Over a decade ago, physically-aware synthesis technology was announced and heralded a new era from logical synthesis to physical solution. Before the technology involving, wire R/C (Resistance and Capacitance) is modeled by WLM (Wire Load Model) which is generated by statistic results from foundry. With the technology, wire R/C (Resistance/Capacitance) accuracy can be dramatically improved because it performs real placement and extract wire R/C based on specific physical locations. Therefore, synthesis results can be close to the ones at PD (Physical Design) placement stage, design over-constraint and over-optimization as WLM synthesis are un-necessary. However, at advance process nodes, process design rules become much more complicated than previous. This thing impacts physically-aware synthesis seriously. In real cases, we can see very different results between synthesis and after cell placement. So, we realize that that considering placement and physical location are not enough to advance process nodes. Even using physically-aware synthesis, over-constraint and over-optimization are still necessary like WLM synthesis, advantage of physically-aware synthesis is disappeared. In this work, we discover key items to impact physically-aware synthesis accuracy. Based on the findings, we compare the engine/flow differences between Cadence older synthesis solution and the latest one, Genus iSpatial. Furthermore, we can see that Genus iSpatial has significant improvement in PPA (Performance, Power, Area) correlation from real project cases. With the improvement, we can also see the benefit to timing closure and PPA. Finally, we can give advice about Genus iSpatial for further quality enhancement.

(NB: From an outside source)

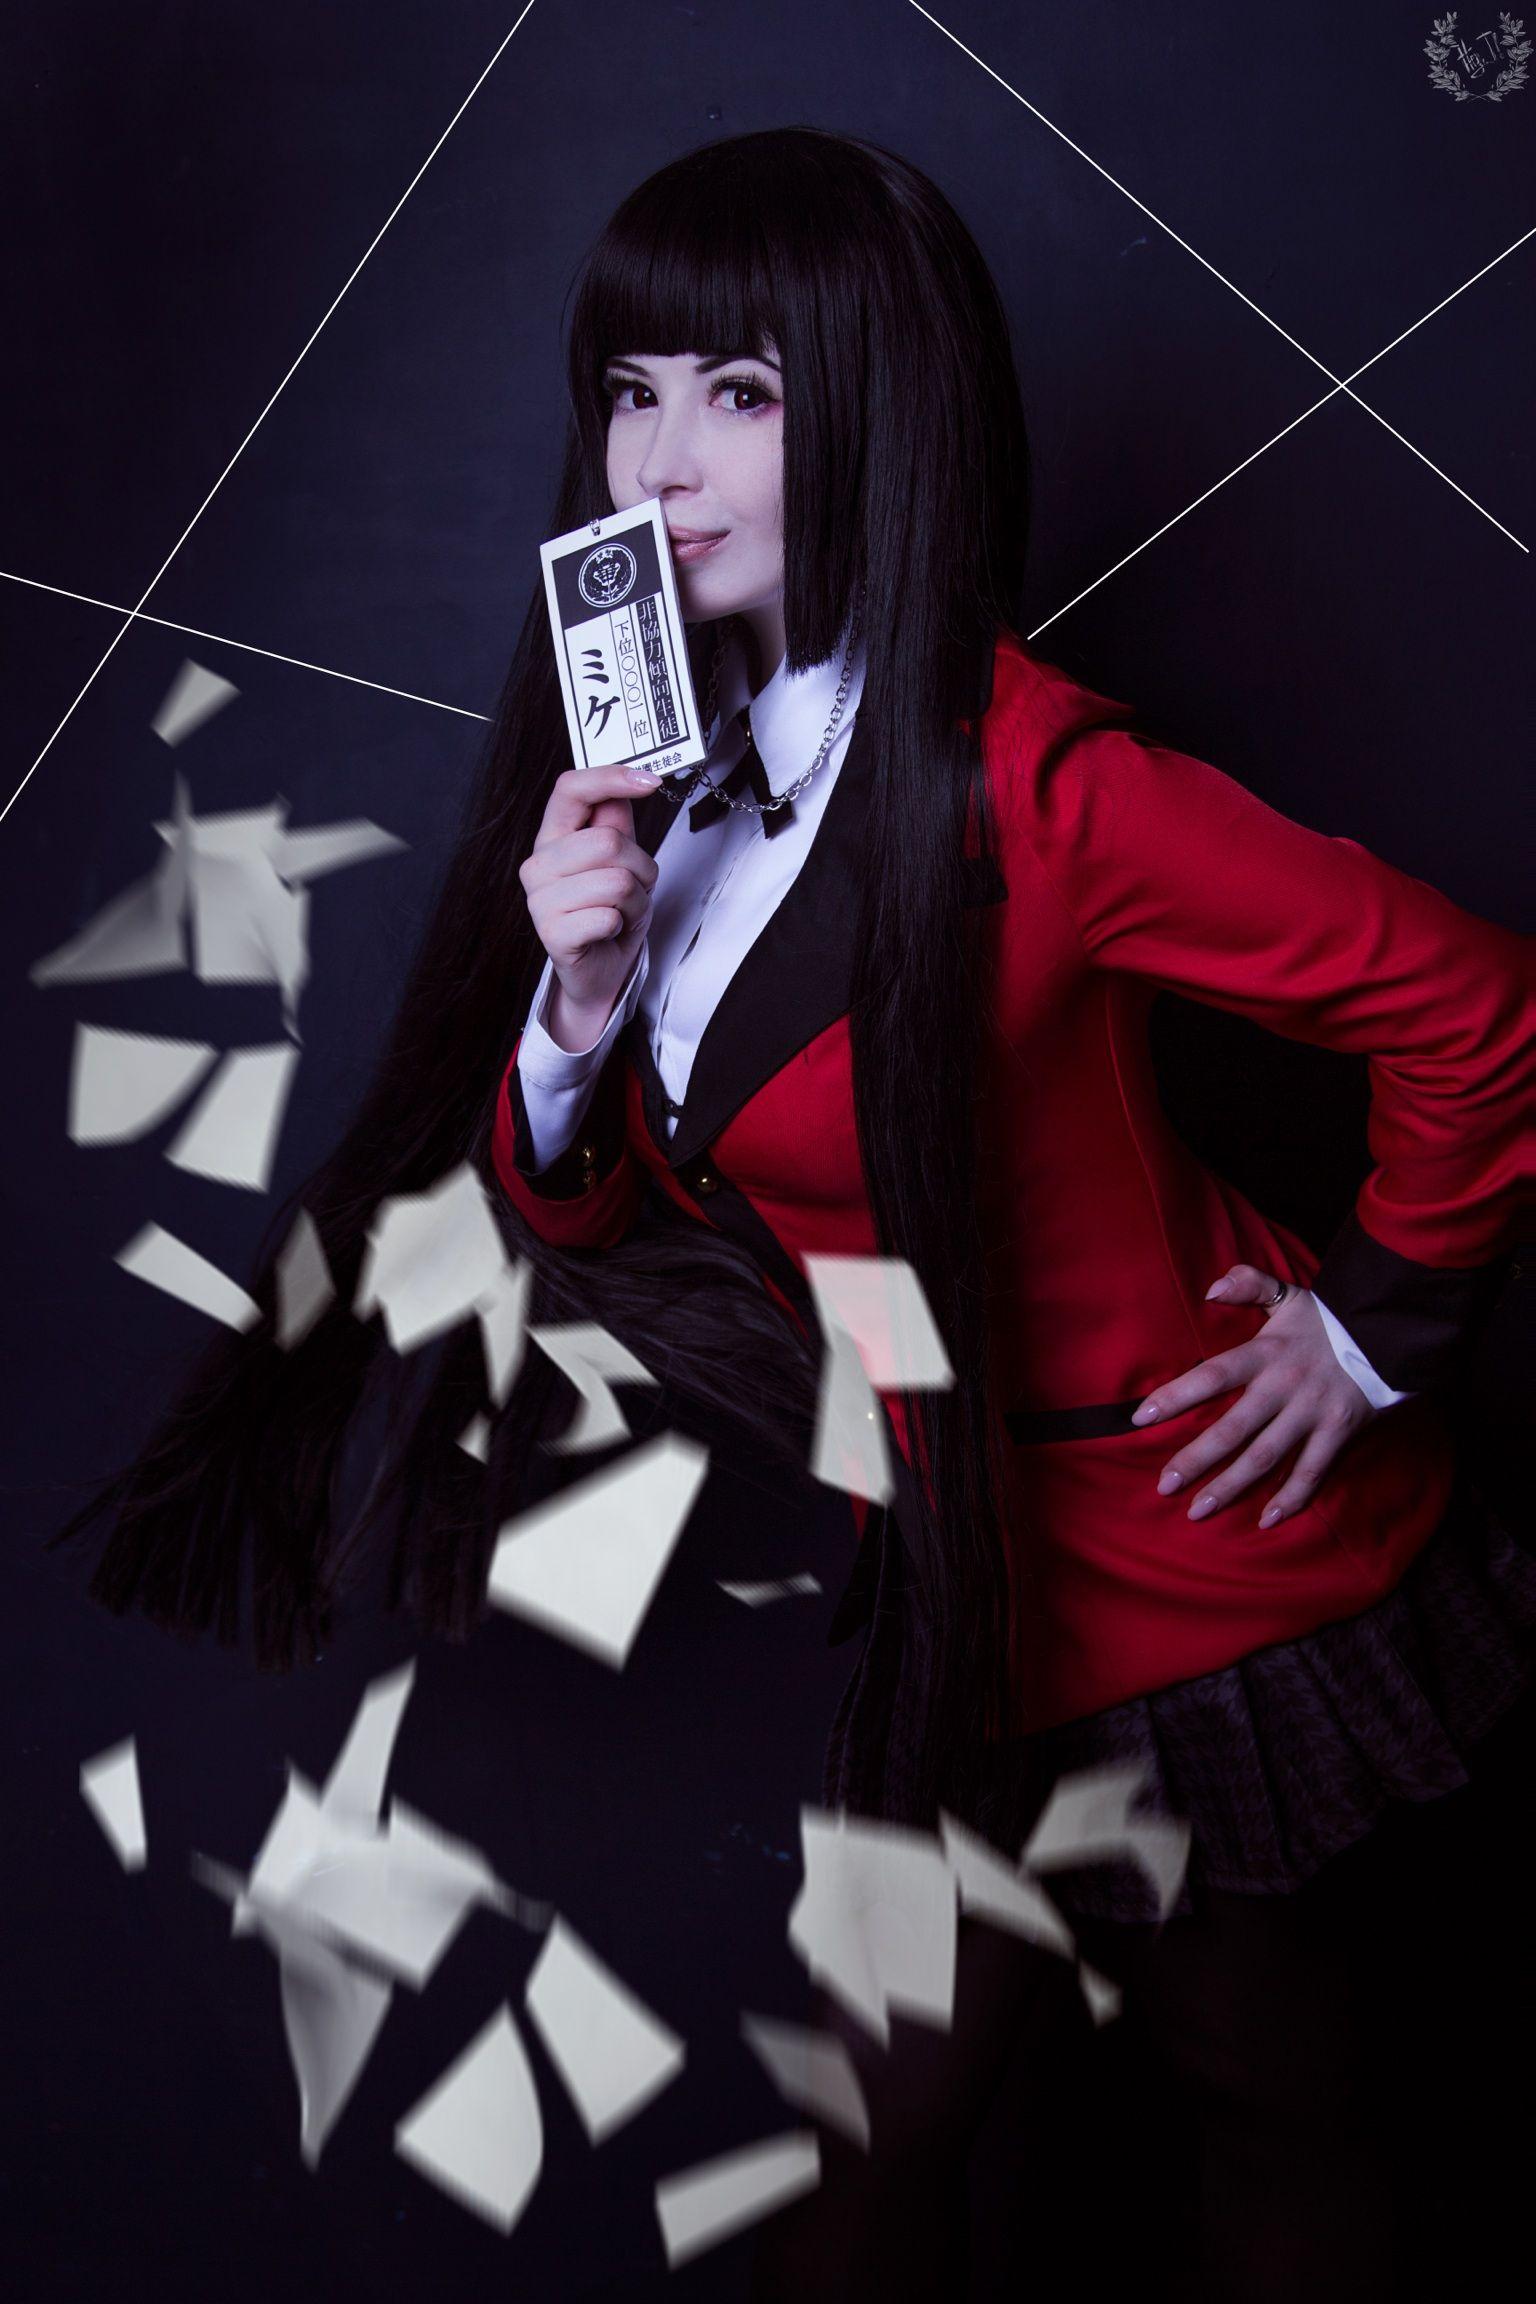 Pin by woofkid on Kakegurui cosplay   Cosplay anime ...

Saving Next-Gen 112G LR and Extremely Short Reach (XSR) SerDes Power
The 112g LR(Long Reach) & XSR (eXtreme Short Reach) SerDes(Serializer/Deserializer) are designed for next generation data center ASICs. Due to the high bandwidth, high speed data transmission behavior, the power consumption of every design part has to be reviewed carefully. In this presentation, we'll show how we implement designs with Innovus pattern-based power optimization to save both switching & internal power of each stage. Moreover, we try to reclaim every possible power with PBA sign-off timing by Tempus total power ECO and finally meet our goal.
Timing Closure by Machine Learning and SOD
Machine Learning is a new skill to improve postRoute timing, SOD is very powerful for AOCV timing closure in Innovus. We apply these 2 skill in our UMC 28nm process and have got good result.